1. Plan/execute/commit decomposition not implemented
The plan called for decomposing DiskObjectStore::{get,put,delete} into plan_* (in-memory bookkeeping under OBJECT_STORE), execute_* (I/O lock-free), and commit_* (reacquire and update indices), motivated by concern about a hierarchy violation when a disk-backed BlockDevice call acquires IPC_MANAGER (lock position 3) while OBJECT_STORE (position 9) is held.

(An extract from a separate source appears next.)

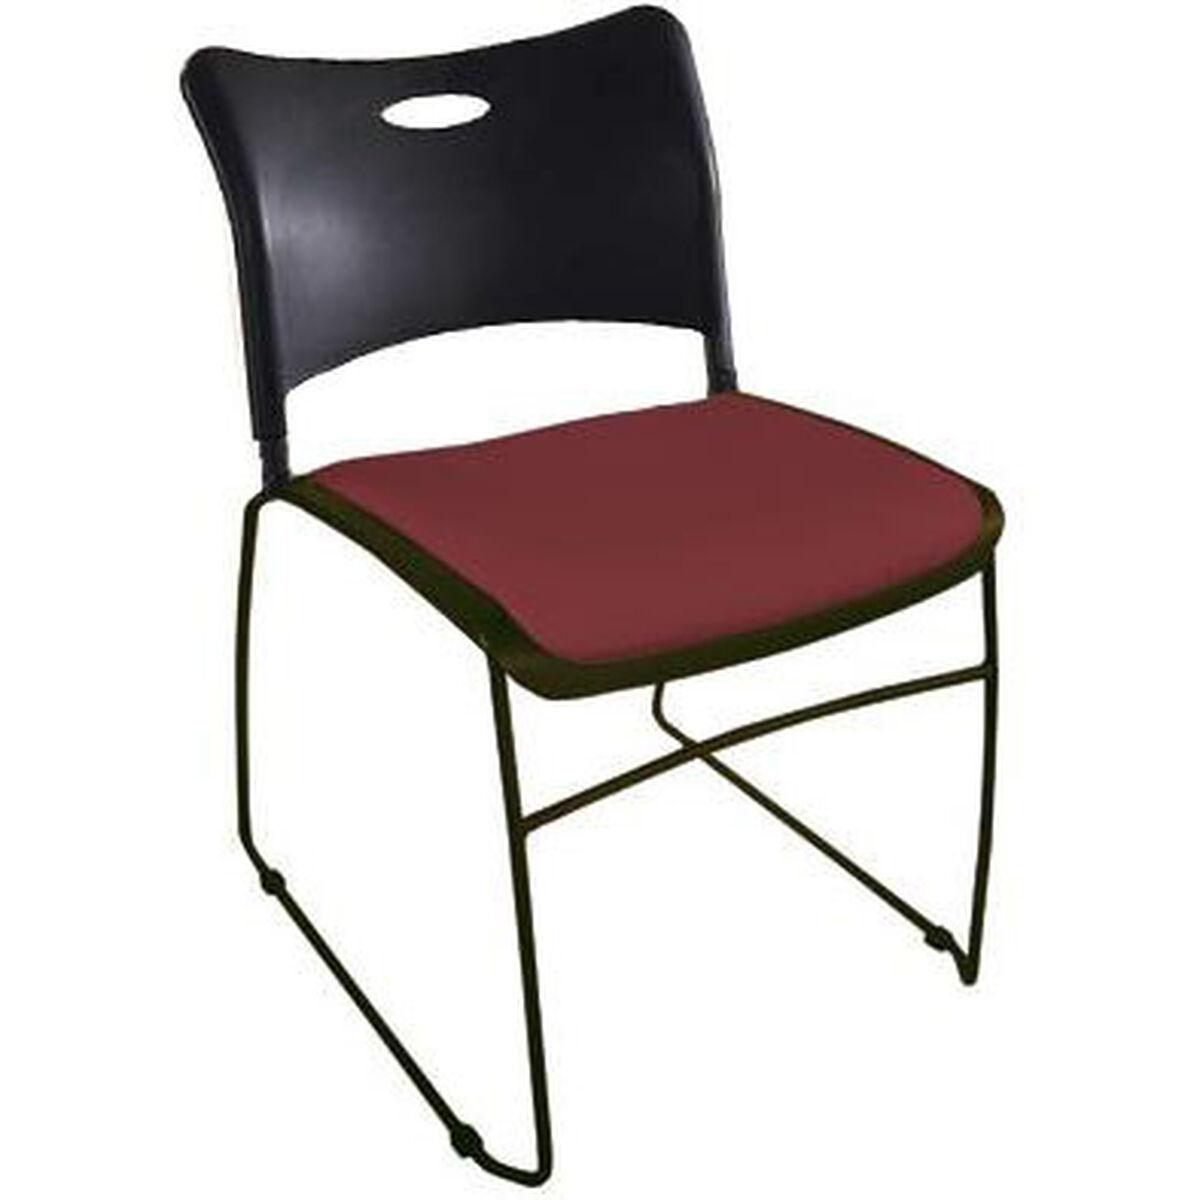 High Point Furniture Industries 723sc Hpf 723sc

On closer inspection the concern doesn’t materialize for the Phase 4a.iii wiring: the kernel-side VirtioBlkDevice uses SHARDED_IPC (per-endpoint shard locks, outside the main hierarchy) rather than IPC_MANAGER. The other lock the path acquires is PER_CPU_SCHEDULER (position 1) — which is per-CPU, never held by code that also acquires OBJECT_STORE, so the circular-wait that hierarchy rules prevent cannot form. Holding OBJECT_STORE across disk I/O is therefore safe; concurrent SYS_OBJ_* callers spin-wait on OBJECT_STORE until the holder’s I/O completes, which is the serialization the single virtio-blk virtqueue imposes anyway.

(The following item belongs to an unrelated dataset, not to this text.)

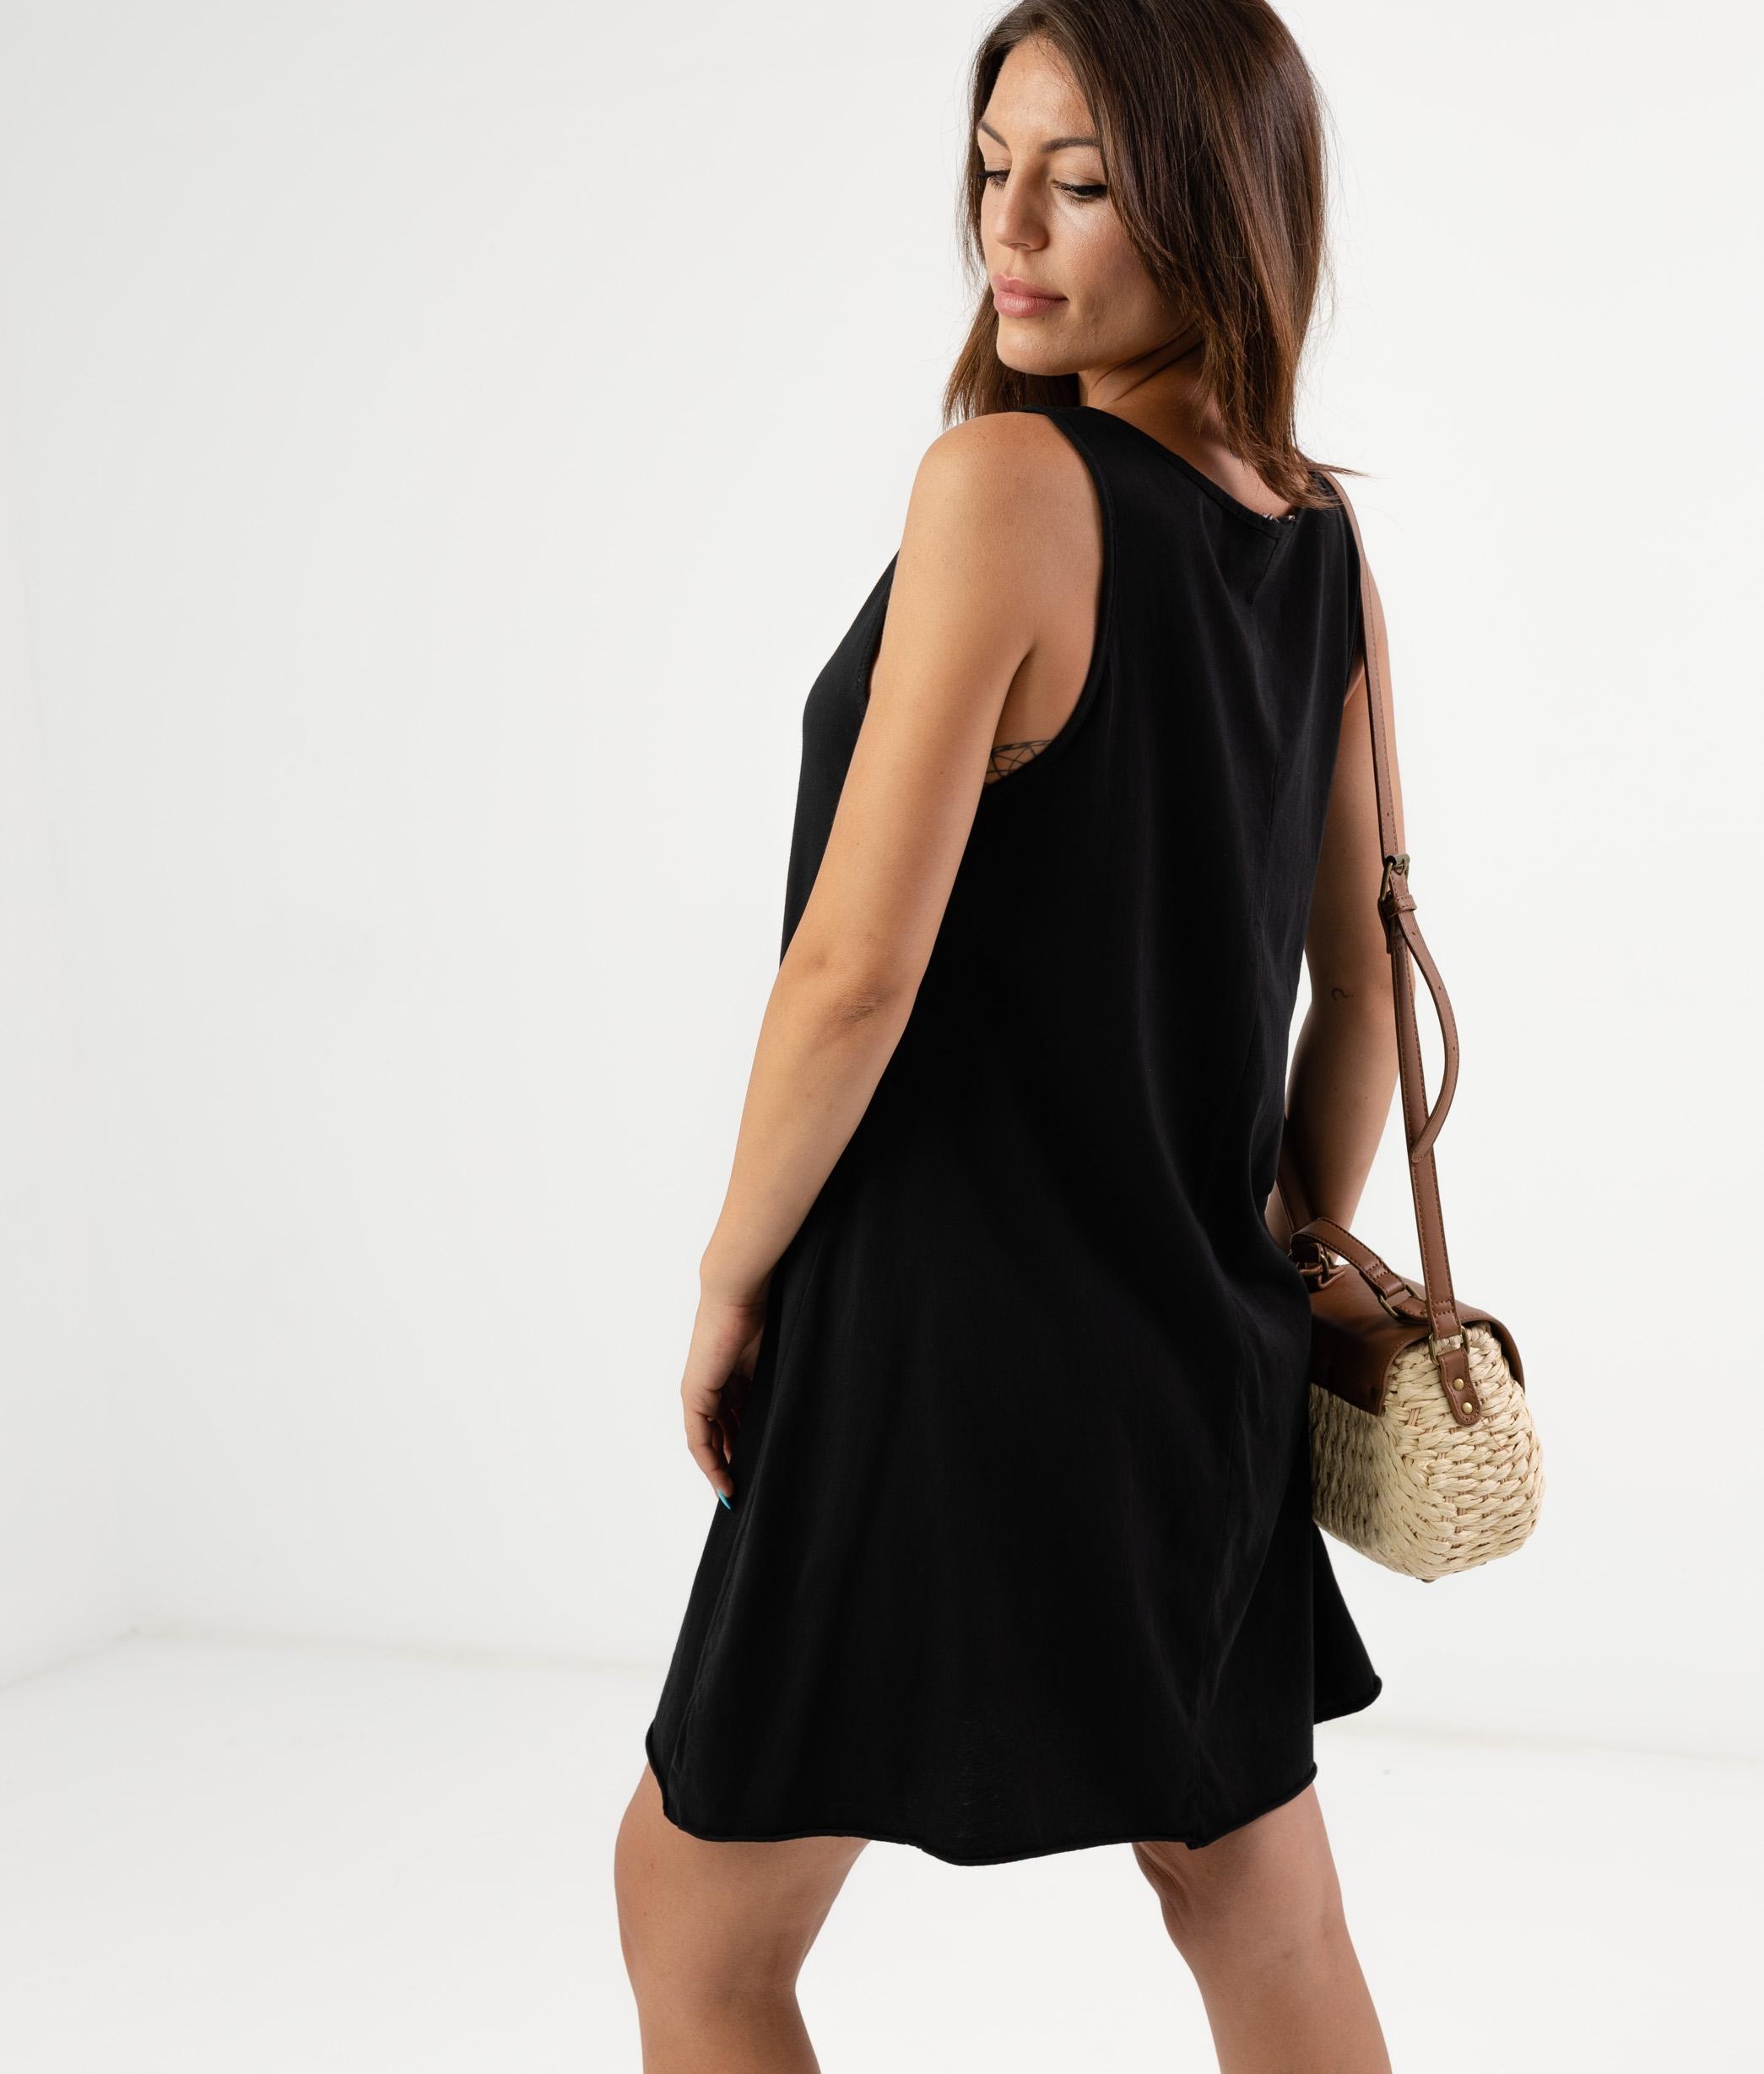 MENDRE DRESS - BLACK

The plan/execute surface on ObjectStore / DiskObjectStore was never added. The single-phase get / put / delete / list methods from Phase 4a.i remain the full trait. If a future backend shows a real hierarchy conflict (e.g. an IPC_MANAGER-using adapter), the decomposition can land then.

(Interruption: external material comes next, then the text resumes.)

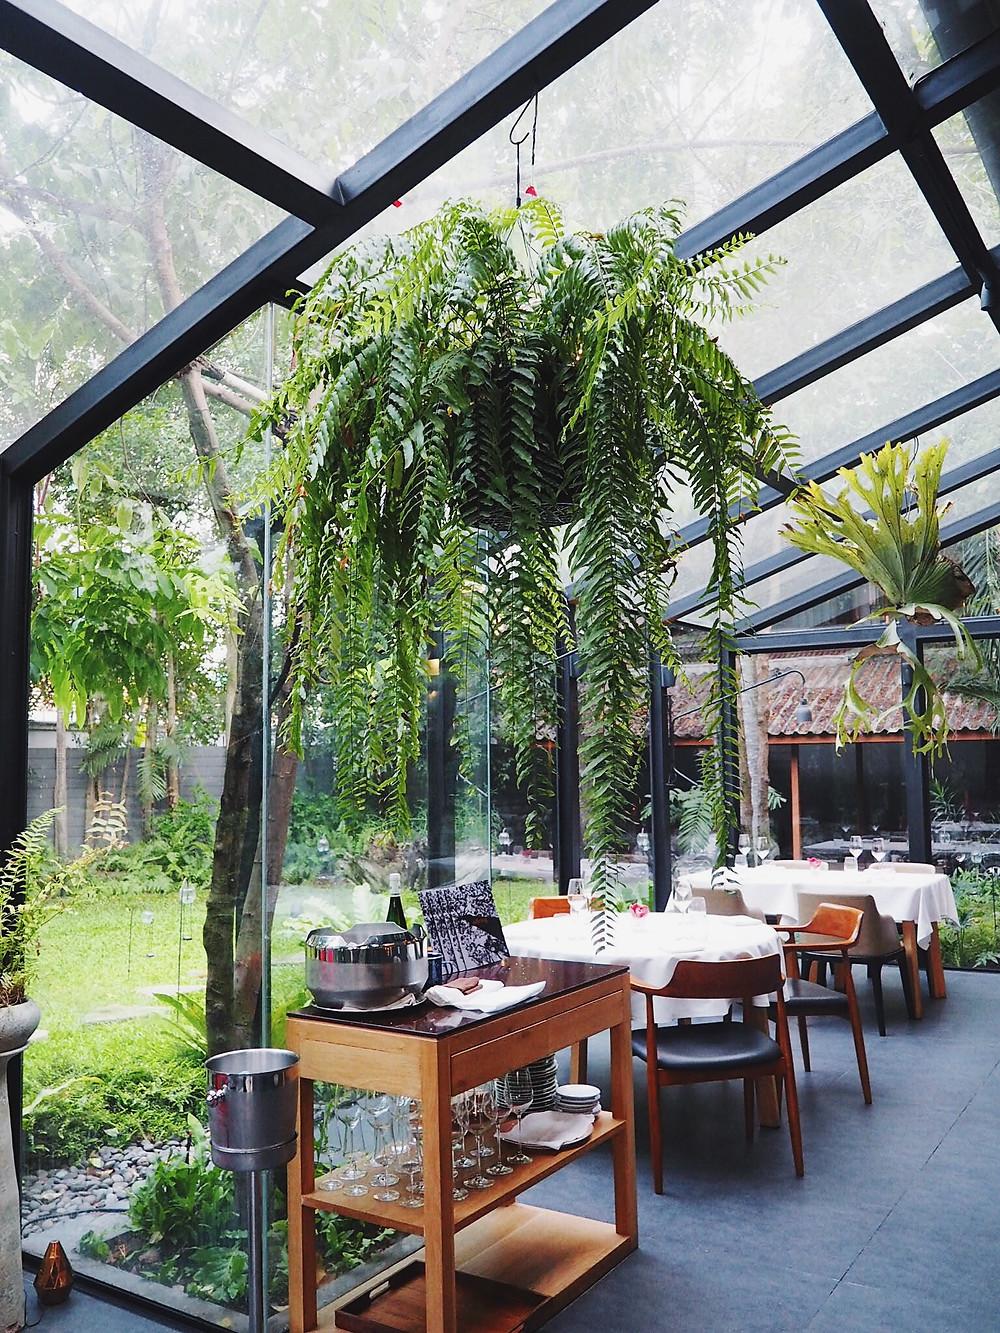 Suhring Bangkok, Thailand | Wintergarten

2. Kernel↔driver wait is poll-with-yield, not block+wake
The first implementation of VirtioBlkDevice::call mirrored the src/policy/mod.rs policy-router pattern: build the request, send via SHARDED_IPC, block_local_task(BlockReason::MessageWait(25)), yield_save_and_switch, resume on wake, dequeue the reply. The matching wake — a wake_message_waiters(25) invoked from the handle_write endpoint-25 intercept — empirically stalled the virtio-blk driver’s own self-test FLUSH: the driver’s virtqueue submit (unrelated to the wake code path) blocked for the full 200-yield timeout. Root cause was not conclusively characterized; the interaction between the cross-CPU try_lock(PER_CPU_SCHEDULER) in the wake loop and the driver’s virtqueue pop_used polling is the most plausible candidate, but the investigation was not productive.
The fix adopted: VirtioBlkDevice::call polls SHARDED_IPC.recv_message(25) with cooperative yield_save_and_switch between attempts, up to MAX_WAIT_ITERATIONS. Uncontended case costs one yield round-trip vs the block+wake design. The kernel’s caller task eventually hits idle, QEMU’s TCG event loop advances the virtio-blk request, the driver replies, the reply lands in SHARDED_IPC.shard[25] via the handle_write intercept (which now does NOT call wake_message_waiters), and the kernel’s next poll iteration finds it.
Documented here because future work (e.g. switching to interrupt-driven virtio-blk completion — the right long-term fix — or reusing this kernel↔user IPC pattern for other drivers) will need to revisit the decision. The handle_write intercept’s // NO scheduler wake — comment names this ADR.